Diğer taraftan İsrail’de bir ulusal güvenlik acil konseyi kurulması söz konusu. İki muhalif parti liderinin kabul ettiğini biliyoruz ama bir koşul var ve gerçekleşeceği belli değil. Çünkü muhalif parti liderleri İçişleri ve Savunma Bakanlarının ırkçı oldukları gerekçesiyle hükumetten çekilmesi koşulunu getirdiler. Bu iki bakanın çekilmesini Netanyahu kabul edecek mi belli değil. İsrail içinde tehdide karşı sivilleri doğrudan hedef alan ulusal birlik yönetimi oluşturuluyor ama diğer taraftan İsrail sol partilerinin yayınları, İsrail’in ve Gazze'nin başına gelen büyük felaketin nedeni olarak Netanyahu'yu göstermekten geri kalmıyorlar. Böyle bir ağır savaş ve baskı ortamında sol gazetenin başlığı; ‘Simha Tora Bayramı’nda İsrail’in başına gelenden tek kişi sorumludur: Binyamin Netanyahu!’ Böyle bir ortamda radikal ve ağır biçimde başbakanı eleştirmek dikkat çeken bir durum. Böylesini Türkiye’de düşünmek pek kolay değil gibi geliyor bana.

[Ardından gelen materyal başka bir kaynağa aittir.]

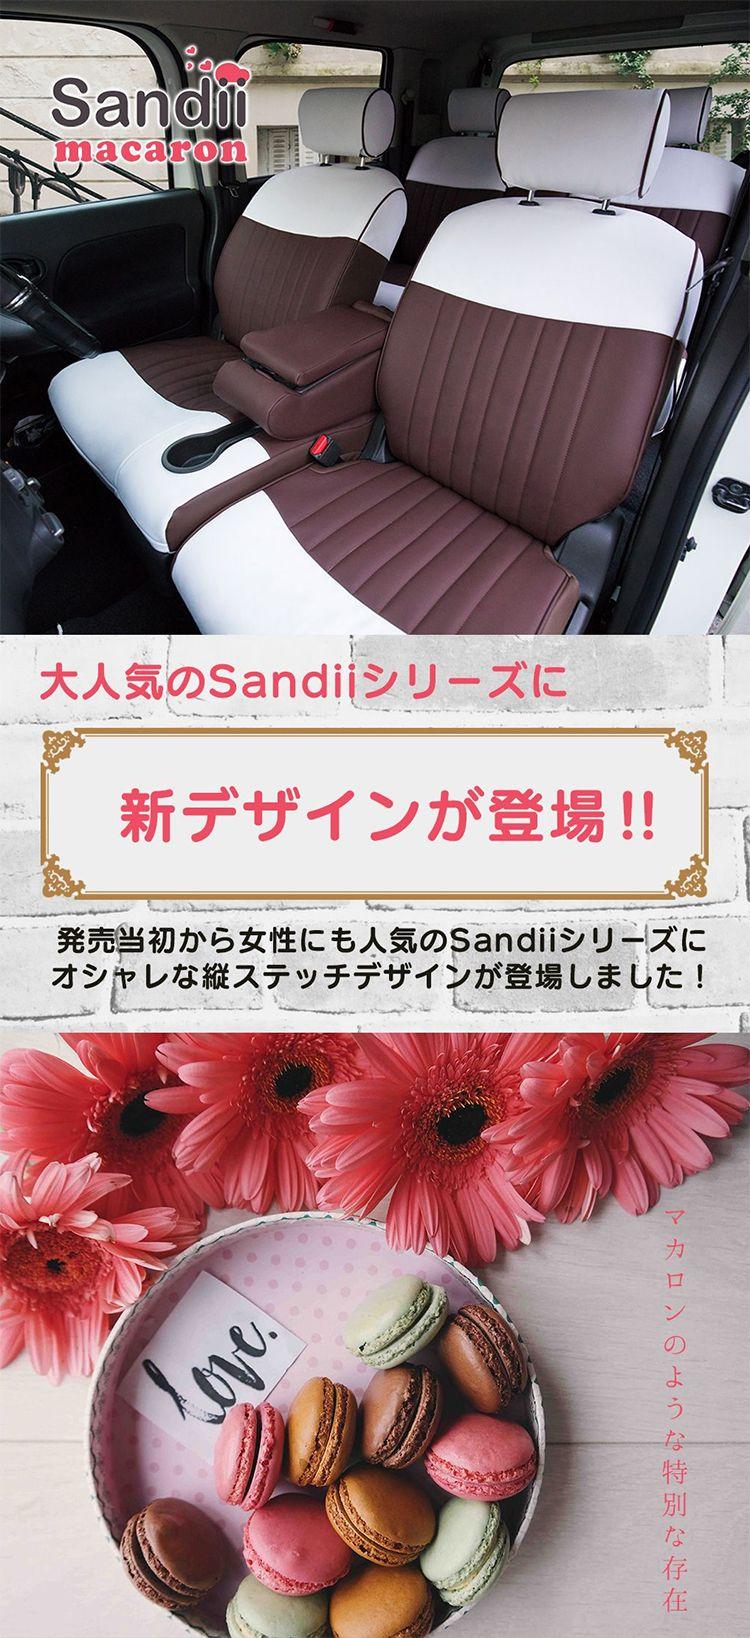 大人気のSandiiシリーズに新デザインが登場!!発売当初から女性にも人気のSandiiシリーズにオシャレな縦ステッチデザインが登場しました!
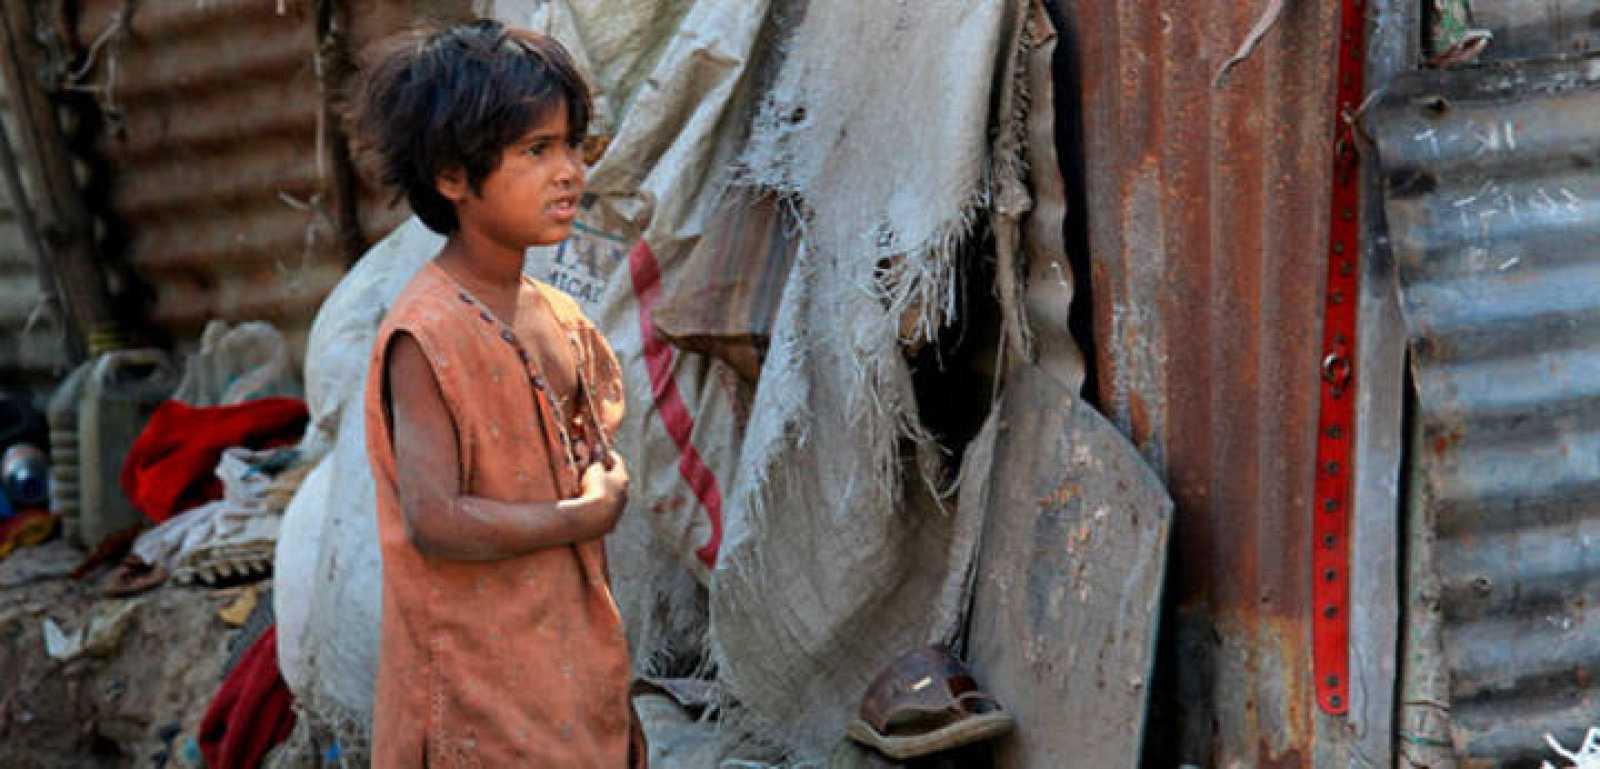 Un niño trapero indio llamado Jhuma Das espera a su madre cerca de un suburbio en la ciudad de Calcuta, en la India. Miles de personas, en su mayoría mujeres, recogen trapos y otros materiales de vertederos.

Bu kabusun hemen yakınımızda devam edenden de bahsetmek gerekiyor. Kuzey Suriye ve İdlib’de de benzer bir kabus yaşanıyor. Suriye İnsan Hakları Gözlemevi’nin verilerine göre, Suriye’de Kürt polisi olan asayişin bir eğitim merkezinde Türk ordusunun uçaklarından olduğu tahmin edilen hava saldırısında 29 kişi öldü. Daha önce Türkiye tarafından yapılan bombalamalarda sekiz tanesi sivil olmak üzere 15 kişi ölmüştü. Diğer taraftan İdlib’de Suriye rejiminin askeri töreninde, 100’den fazla Suriyeli asker ve sivil ölmüştü. Buna karşılık Rus uçakları da dahil olmak üzere Suriye ordusu ve uçakları İdlib’i bombalıyorlar. İdlib’den kuzeye doğru ciddi bir kaçış var. İnsel, son olarak dağlık Karabağ’dan Ermenistan’a göçmen olarak gelen 100 binden fazla insana da değindi. Birleşmiş Milletler Mülteciler Yüksek Komiserliği, 100 bin mülteciye uluslararası yardım kampanyası başlattı.